While Serpico's reported D'Agostino's conduct to the police, it did not file a criminal complaint against him for theft; an act more consequential to D'Agostino's reputation. However, even had Serpico's done so, the filing of a criminal complaint enjoys an absolute immunity. See Pitts v. Newark Bd. of Educ., 337 N.J. Super. 331, 336-37 (App. Div. 2001) (citing Piper v. Scher, 221 N.J. Super. 54, 60 (App. Div. 1987) (observing that defendant was entitled to dismissal of a defamation claim because the plaintiff based it "solely upon the criminal complaints" filed against her which were "absolutely privileged") (additional citations omitted)). Such complaints are privileged "to protect the public interest in freedom of access to the courts." Id. at 337 (citations omitted). This absolute privilege alone provides the basis on which to dismiss D'Agostino's claim. See Piper, supra, 221 N.J. Super. at 60.

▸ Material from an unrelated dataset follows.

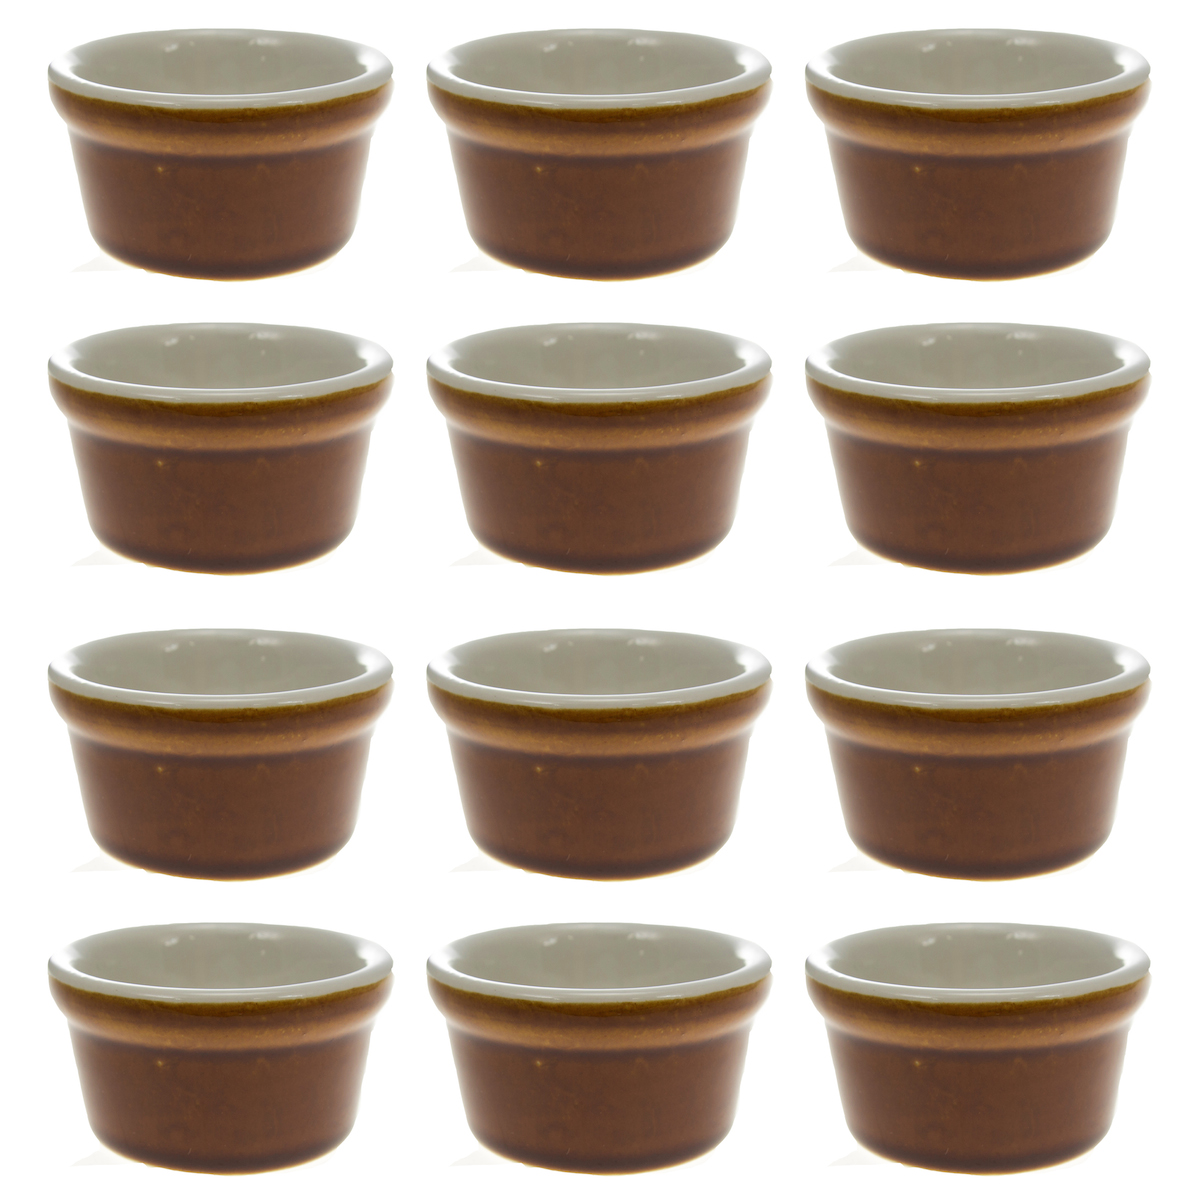 12 World Tableware Libbey Ultima 2.5oz Ramekins Dessert Sauce Caramel Colored by Libbey
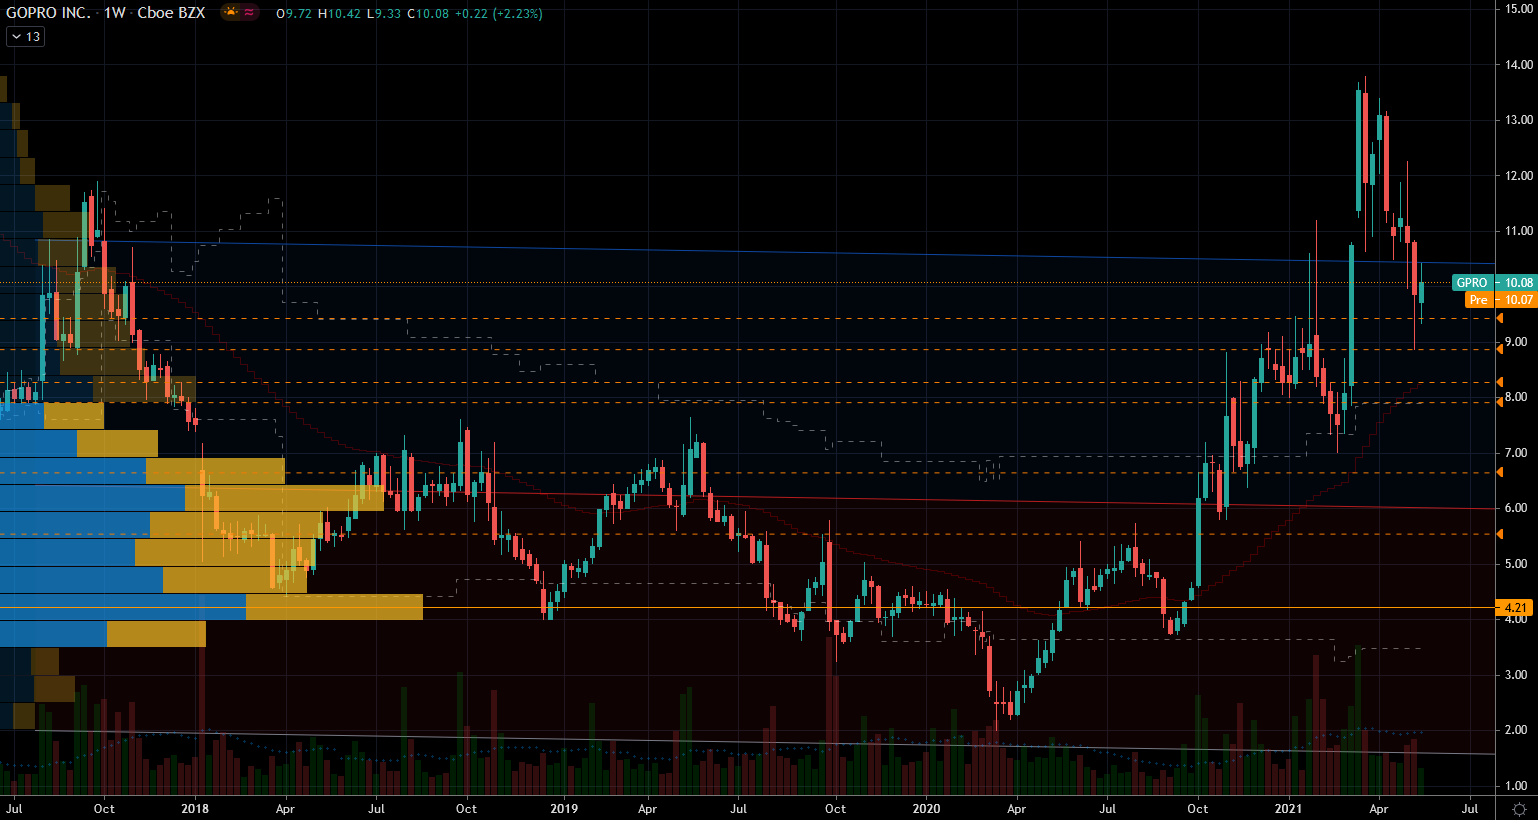 Pandemic Stocks: GoPro (GPRO) Stock Chart Showing Potential Base

To the contrary, D'Agostino's first argument that the judge's exclusion of testimony relating to statements made to him by Jon and his employees (party-opponents) as hearsay is meritorious. N.J.R.E. 803(b)(1). See One Step Up v. Sam Logistic, 419 N.J. Super. 500, 507-08 (App. Div. 2011). A trial court's evidentiary rulings are reviewed employing the abuse of discretion standard. Hisenaj v. Kuehner, 194 N.J. 6, 12 (2008). We disregard any error we deem harmless. Higgins v. Owens-Corning Fiberglass Corp., 282 N.J. Super. 600, 609 (App. Div. 1995). Only those errors "clearly capable of producing an unjust result" will result in reversal of a verdict. R. 2:10-2.

Here, we conclude the error was harmless insofar as the statements D'Agostino sought to introduce were contained within the police report admitted in evidence upon D'Agostino's offer.5 Presumably, the judge considered the statements in reaching his decision.6

To the extent that we have not specifically addressed any of plaintiff's remaining arguments, we find them to be without sufficient merit to warrant a discussion in a written opinion. R. 2:11-3(e)(1)(E).

Affirmed.

1 Plaintiff does not appeal regarding the non-payment claim as it appears to have been resolved between the parties.

2 The report was marked as a plaintiff's exhibit in evidence at trial. Notwithstanding its hearsay content, there was no objection to its admission. See N.J.R.E. 802.

3 Although not plead as defamation, we consider the claim of a false statement to local police as one sounding in that tort.

4 D'Agostino sought to testify regarding statements made by Jon which, upon objection, was ruled inadmissible as hearsay.

5 On appeal, neither party has argued that the police report's admission was erroneous.

6 While we agree with the decision to dismiss reached by the judge, a more detailed statement of reasons would have been preferable in effectuating appellate review.